Potential partners need not be restricted to relatives or friends of the groom or bride – it could be just as easily the guy who has tagged along with a female cousin because she didn’t want to come to the wedding alone or the formerly married co-worker who has finally got the divorce. So mingle around with the wedding guests and you will be in a better position to sift out the real singles from the crowd of good-looking men. What’s more, you need not even restrict your search to the guests; keep an eye out for the hunk who has come to deliver the flowers or the young head of catering who is on his way to a budding entrepreneur. Pay a compliment or two about how nicely they have done their job and if lucky you may have got yourself a date coming Saturday evening.
While almost everybody has a messy relationship in the past, weddings are primarily feel-good affairs. People attend weddings to sing, dance and have a good time. So adopt a warm and outgoing attitude so that men will feel comfortable approaching you when there’s an opportunity. Be casual in your conversation and leave the sob stories about your past or present at home. Avoid cribbing about other guests, and especially about the bride/groom – showing up anyone in a negative light is bound to reflect on you poorly and many a potential partner may be put off. And even though, many couples allow single guests to bring dates, try and avoid bringing a date to the wedding. Having a male date accompany you to the wedding will likely discourage any single male guests from approaching you. In fact an article at Fox News1 has an interesting take on the differences between men and women as regards bringing a date to a wedding. While women are more likely to let just about anyone tag along for fear of appearing single, men are reluctant to take a date unless they are quite serious about the partner.
Look your best
Show up at the wedding looking your absolute best since this will definitely give you an edge in your efforts at meeting singles. Get a manicure, pedicure and maybe even a facial and ensure that your hair is nicely styled. Take the time to look beautiful and feel your best. At the same time though, make sure your make up is subtle and your dress appropriate. Don’t go overboard with the perfume or jewelry. Keep in mind that this is the bride’s special day and any obvious attempts to overshadow her will be in bad taste.
Keep a level head
For many, weddings are the occasion to be merry, bask in general feeling of happiness and leave troublesome thoughts behind. However don’t turn this into an excuse to pig out or get drunk. Control your eating and drinking behaviors at the reception since nothing is quite as unattractive to a man as a woman who makes a spectacle of herself. Eat, drink and dance with good cheer but in a way that does not appear distasteful.
Keep it simple
If you are lucky enough to meet someone, keep things casual. Find out what his likes and dislikes are and try to steer the conversation in that direction. Be genuinely interested in who he is as a person, and try to have as much fun as you can — but don’t force chemistry if you feel it isn’t there; above all don’t get maudlin and weepy about how alone and miserable your life is as a single – for all you know, the poor guy may take fright and head for the nearest exit.

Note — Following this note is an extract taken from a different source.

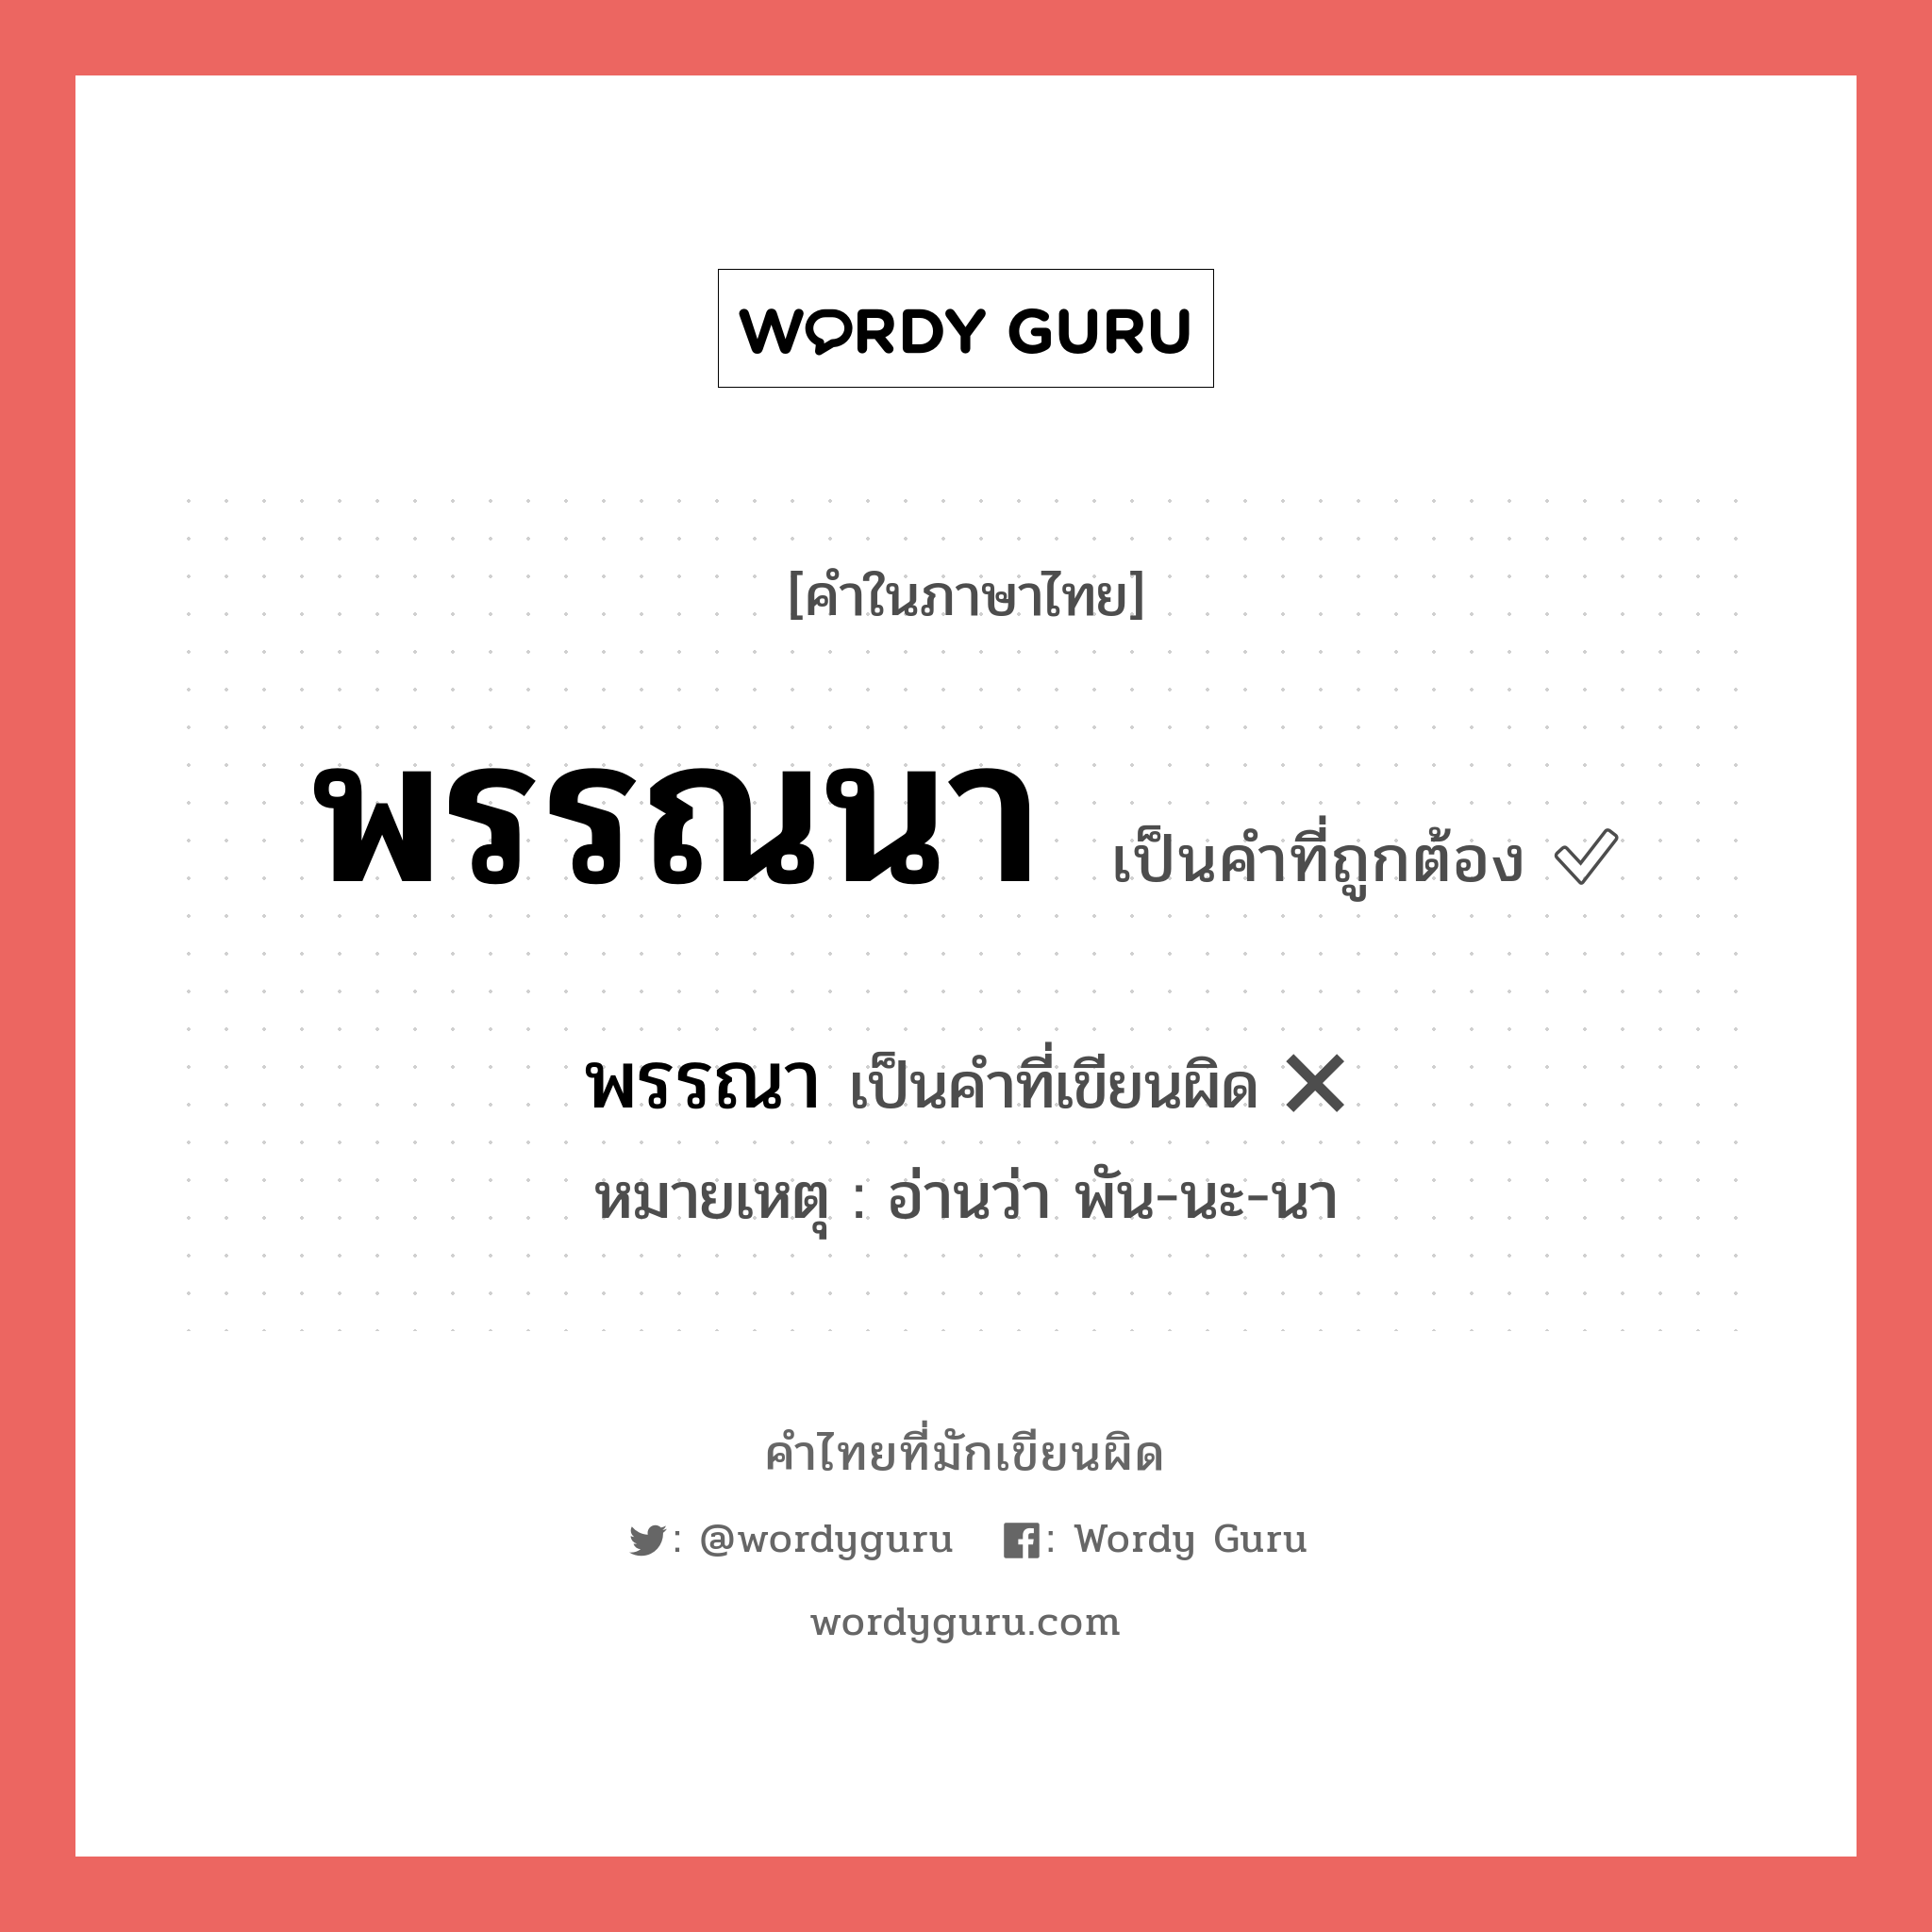 พรรณา หรือ พรรณนา คำไหนเขียนถูก?, คำในภาษาไทยที่มักเขียนผิด พรรณา คำที่ผิด ❌ พรรณนา หมายเหตุ อ่านว่า พัน-นะ-นา
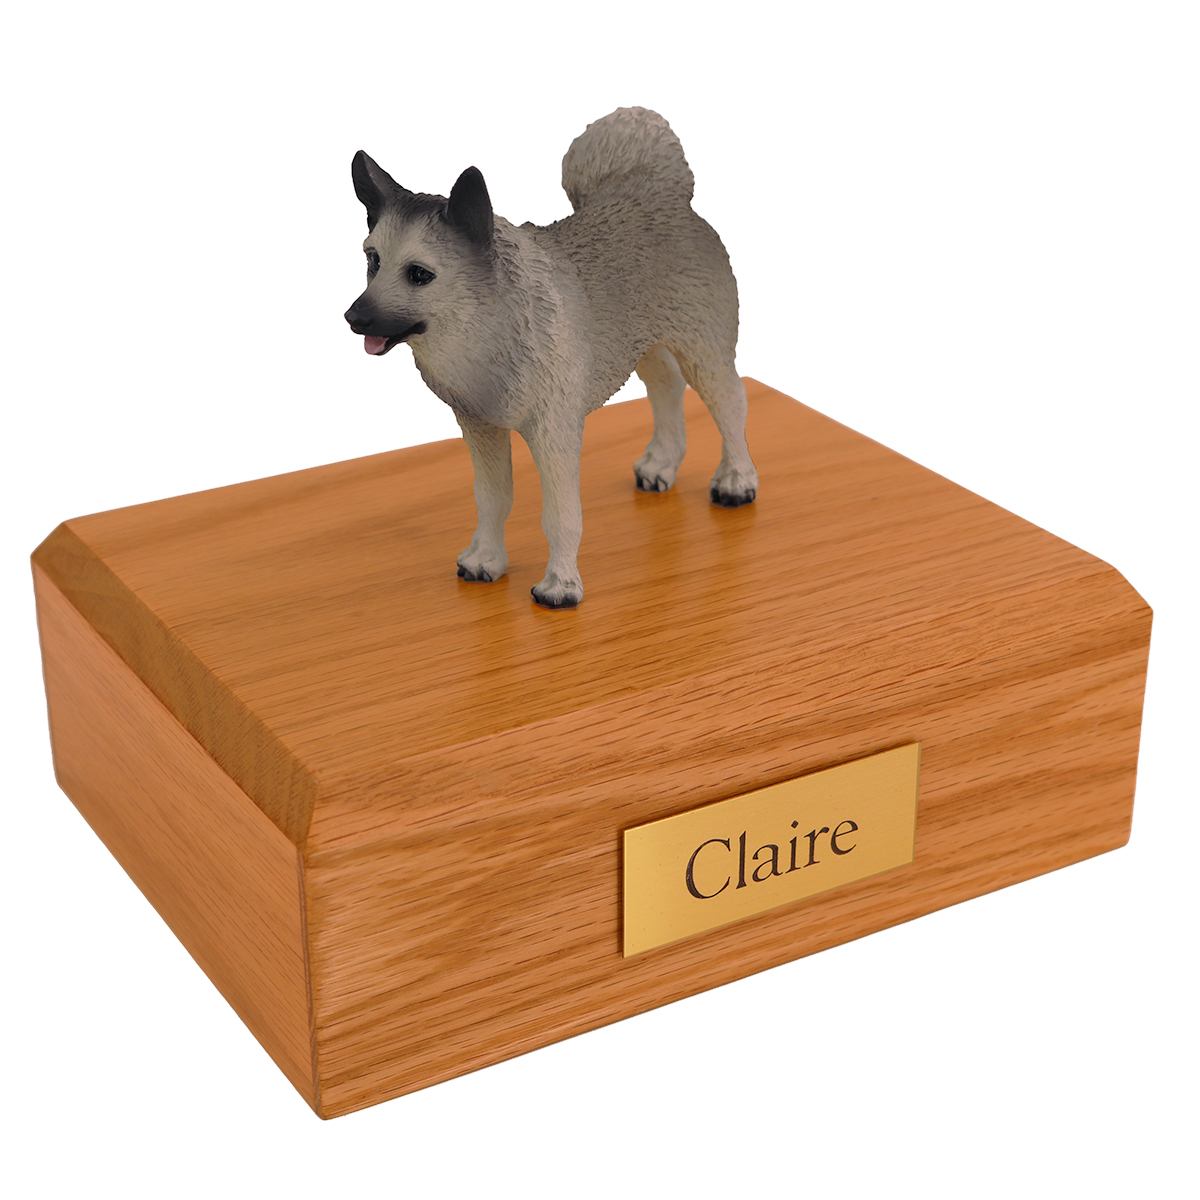 Dog, Norwegian Elkhound - Figurine Urn

As the wedding reception is winding down and it is time for guests to leave, you may hand him a business card and simply say, “It was nice talking to you, here’s my card” Or “Here’s my card. Give me a call sometime.” The card could have your name, email address and a phone number where you are OK being called at which may not necessarily be your cell number. Say bye quickly and cheerfully so that you can leave him wanting more. If you are seriously taken up with this guy, you can ask the bride or groom about him after they return from their honeymoon. Maybe they can even have a get-together and invite the two of you over if he is interested.
Finally relax, and have fun. Keep in mind that the primary purpose of the event is not to find you a date but to celebrate the bride and her groom on their special day. So smile, dance and have a good time. Catch the bouquet and enjoy the evening and who knows the lovely energy you radiate may attract a nice eligible guy to you.